J.-M. S. : Dans l’Antiquité, les chrétiens ont découvert que les femmes étaient au moins aussi courageuses que les hommes quand il s’agissait de subir le martyre. D’un autre côté, il y a la figure de Marie, dont la grandeur rejaillit sur toutes les femmes. Augustin s’écrie : « Femmes, ne vous méprisez pas vous-mêmes : le Fils de Dieu est né d’une femme ! » (Le Combat chrétien, chapitre 9). La virginité corporelle de Marie est importante comme signe de la virginité du cœur.
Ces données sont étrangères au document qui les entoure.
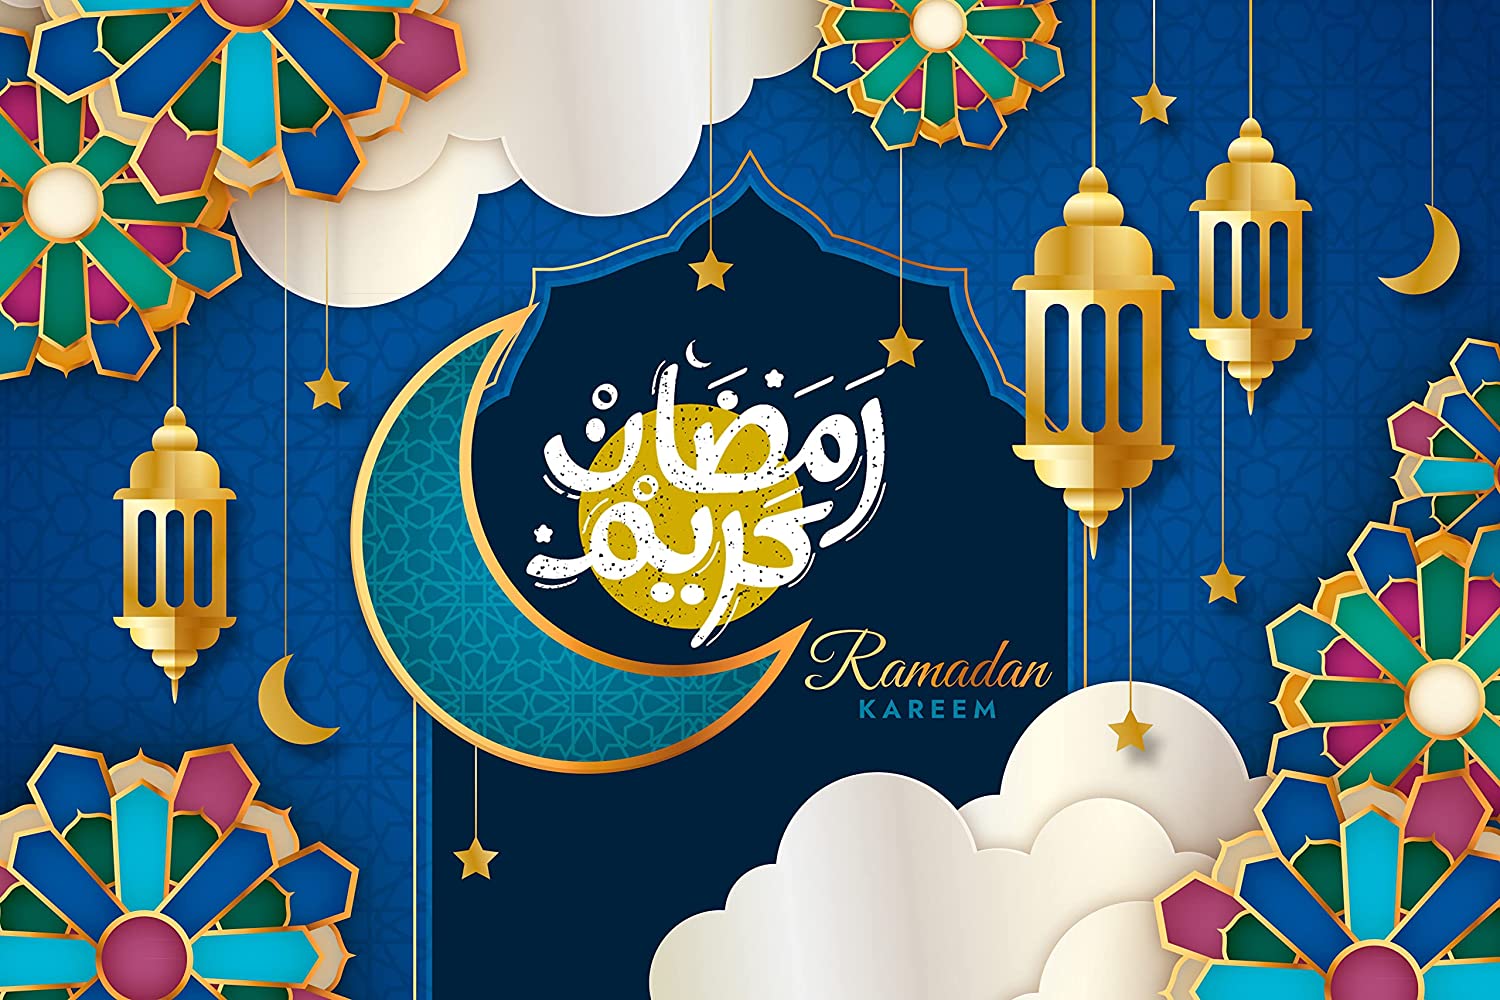 Ramadan decorations poster, large size

On trouve d’ailleurs chez Augustin une réflexion sur le viol, qui l’amène à distinguer virginité physique et virginité de l’esprit. Il développe notamment cela dans le premier livre de La Cité de Dieu. Il a été confronté au sac de Rome par les Wisigoths, du 24 au 26 août 410. Ce fut un très grand traumatisme, une violence au cœur même de l’Empire romain. Il y a eu des viols, notamment de chrétiennes, vierges consacrées. Des païens, se souvenant du suicide de Lucrèce, après qu’elle a été violée par son neveu, se demandent pourquoi ces chrétiennes ne se sont pas donné la mort. Augustin dit qu’il n’y a aucune raison qu’elles le fassent car ce qu’elles ont subi, elles ne l’ont pas approuvé. L’idée d’Augustin est qu’on peut avoir perdu sa virginité physique et gardé sa chasteté. Il sort ainsi d’un point de vue masculin qui tend à une extrême injustice vis-à-vis des femmes.